Chicken houses come in all different shapes and sizes.  You can use an old garden shed  or make your own coop.  The roof should be covered with a proprietory felting to protect from bad weather.  The wood should be proofed also.

The hens need a roosting pole to perch on at night.  (one young client suggested the hens looked like they were in bunk beds!). A rounded pole is better for the hens feet to grip on.

It is good to have a window,  with mesh rather than perspex, for better ventilation. The window should be away from the prevailing wind, though.

A removable droppings board under the perch can help mucking out, which should be done weekly.

Wood shavings make good bedding for the floor of the hen house, as they is less likely to harbour parasites.

A small area for nest boxes can be built on the side of the hen house.  Nest boxes can be lined with clean straw, changed frequently.  Hens prefer to lay in quiet areas, so nest boxes are ideal.
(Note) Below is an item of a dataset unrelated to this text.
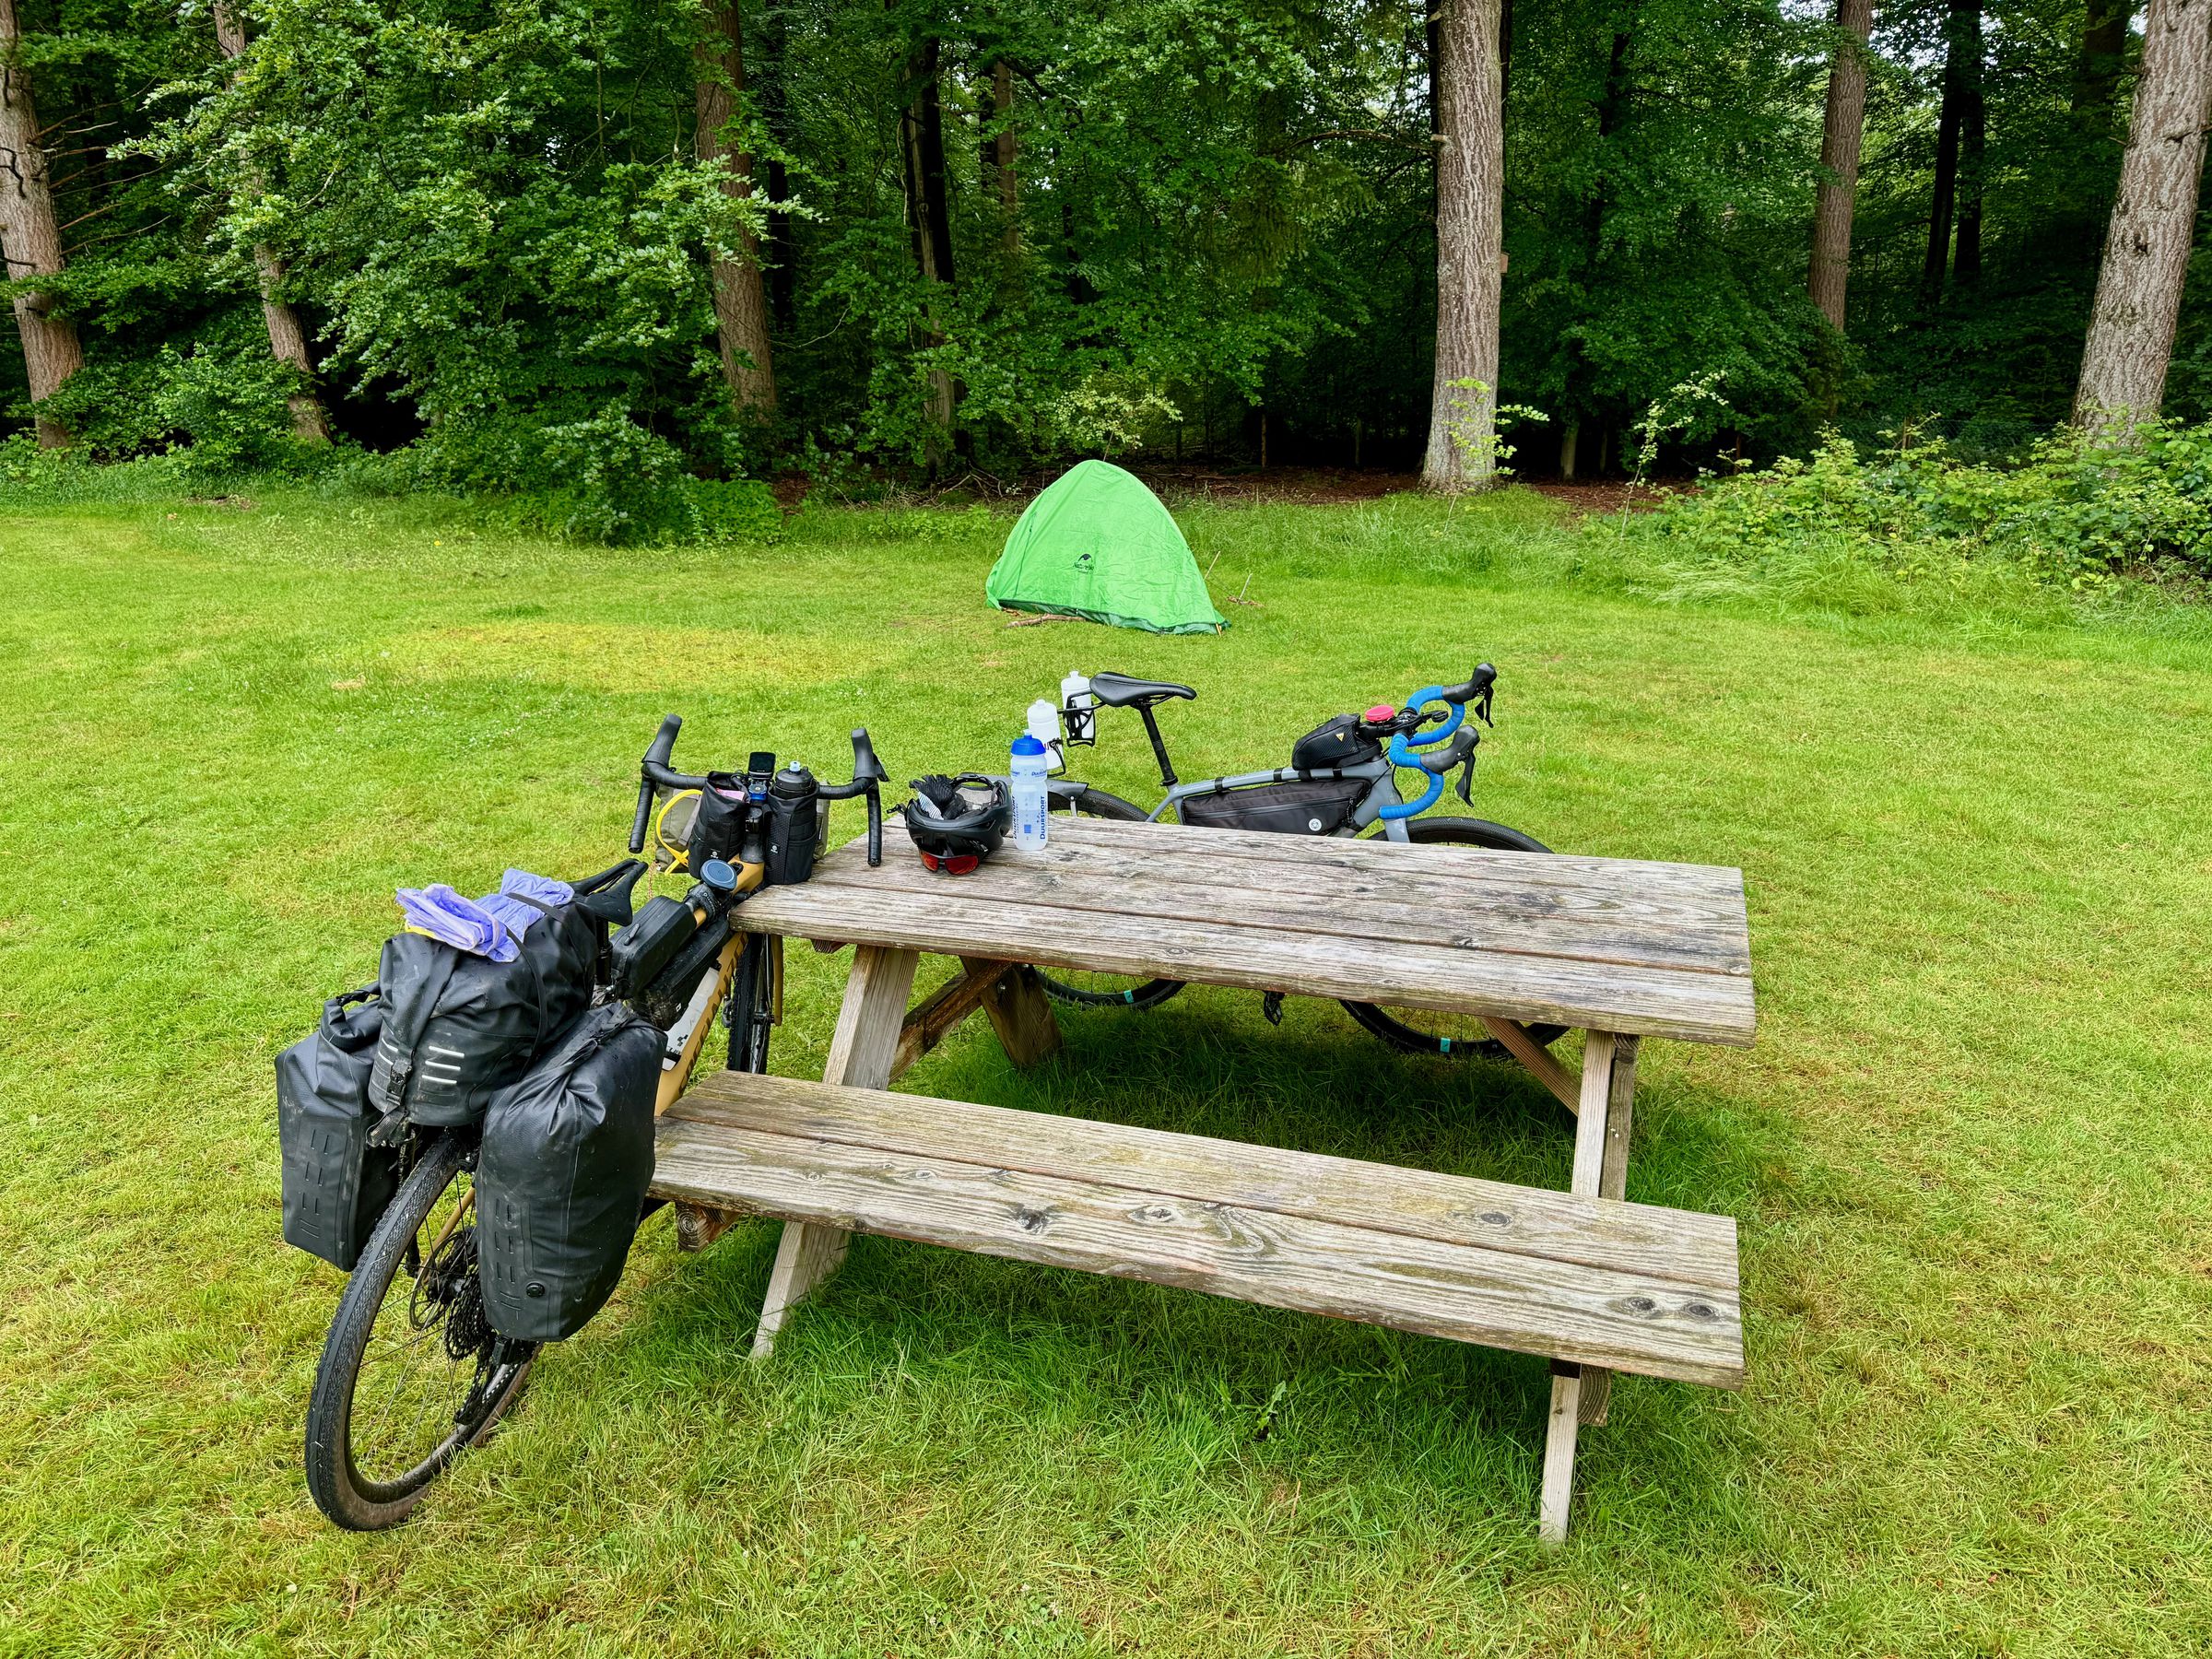 <em>My friend’s NatureHike tent in the background. My much more expensive gear was quicker to setup and tear down.</em>
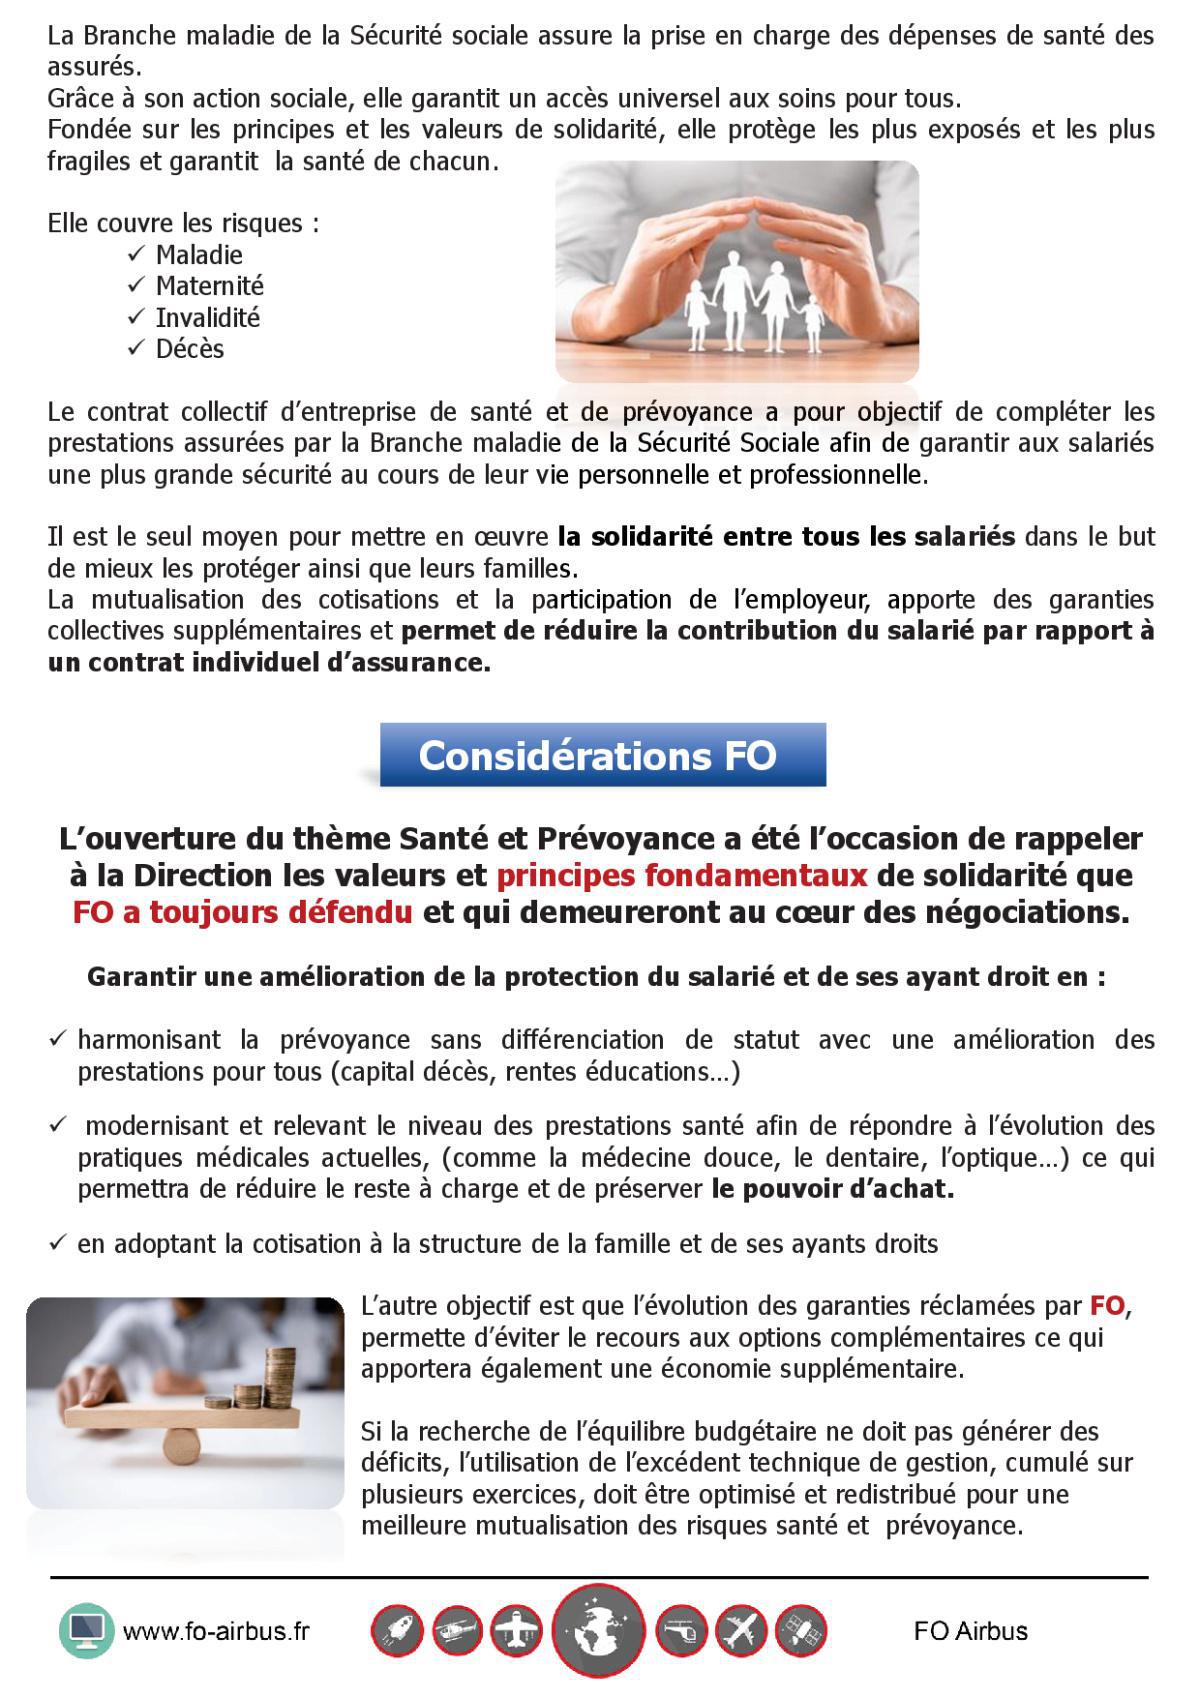 Protection Sociale Groupe - Solidaire et Equitable

Layers pellets are widely available from agricultural stores.  Chick crumbs should be fed to young birds, up to 8 weeks old. As they get bigger, growers pellets can be used until they start laying, when they will need to go on to Layers pellets.  This normally has a 14-16% protein ration, needed for good egg production.  Also, shell and grit should be available in a small feeder as an extra for laying hens, to help good shell quality.

Water should be given fresh every day.

Drinkers and feeders area available from many local wholesalers.